One Tory MP, elected in 2019, believed colleagues were "not overly animated" on the issue.

Another did not think the amendment was ideal, but said it still represented an improvement, and planned to vote for it. 

"You can't let perfect be the enemy of the good, given how bad the current system is," they said. 

One MP was sceptical there would ultimately be enough rebels for the government to face defeat, but admitted that "many colleagues are uncomfortable" with supporting the amendment. 

"Northern colleagues certainly feeling the pinch more,” they added. 

Tories with southern seats, where average house prices exceed £100k, and are therefore less likely to be affected by the change, are said to be less concerned. 

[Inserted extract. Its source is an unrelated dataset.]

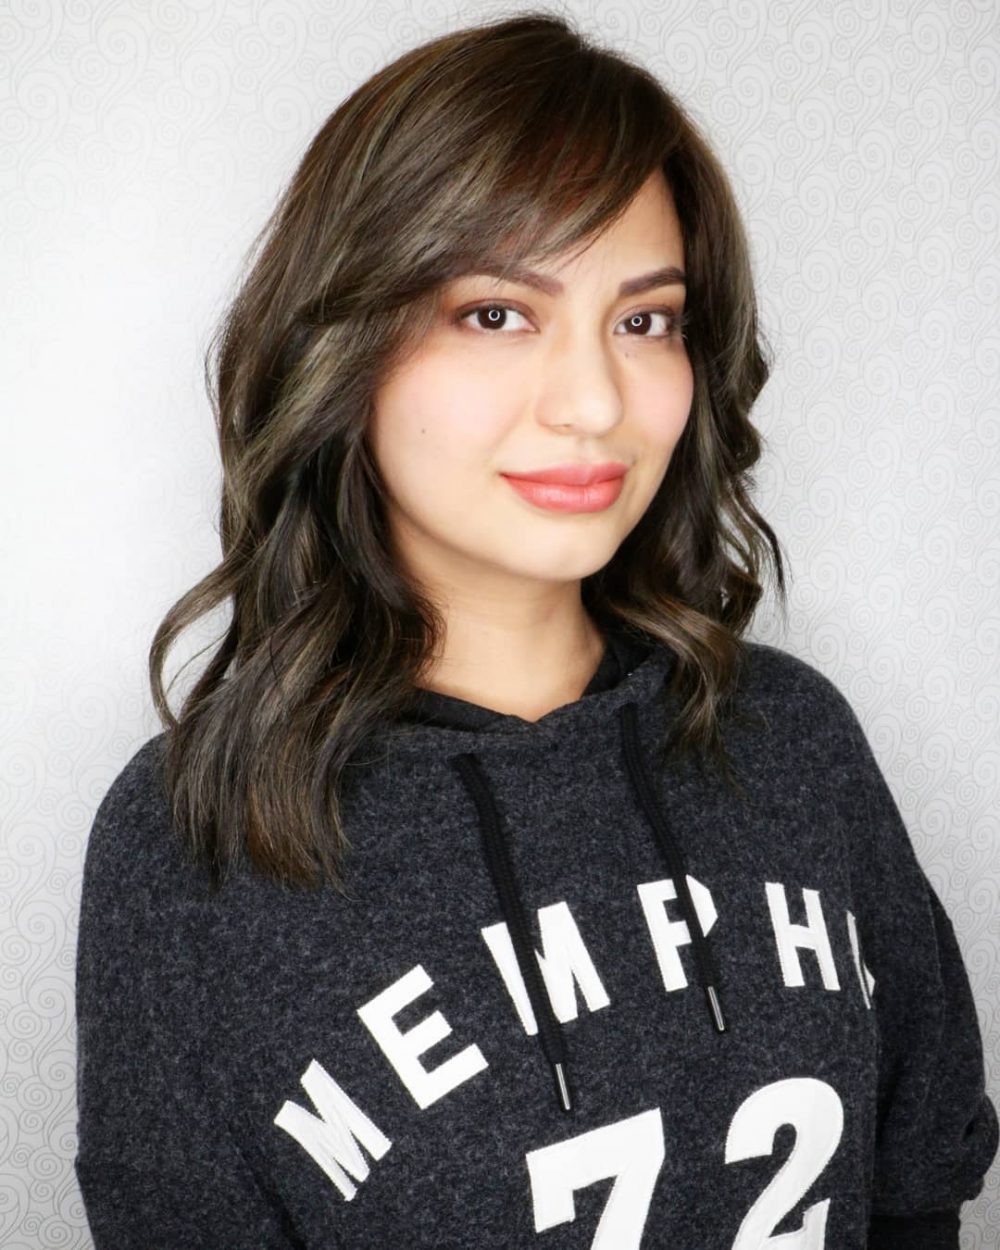 51 Side-Swept Bangs to Try When You're Bored With Your Hair

A spokesperson for the Prime Minister said this morning that No.10 continued to listen to concerns raised around the policy. 

“But we continue to believe that this is a system that is necessary, fair and responsible. The system benefits those who are the worst off," they added. 

“Currently, anyone with assets over £23,350 pays for their care costs. Under the new system anyone with assets under £20,000 will not have to pay anything at all for their care assets, ensuring those with the least are protected.”

They suggested that ministers were not looking to amend the wording of the Bill ahead of the vote later, adding that the government felt the current proposals “strike the necessary balance”.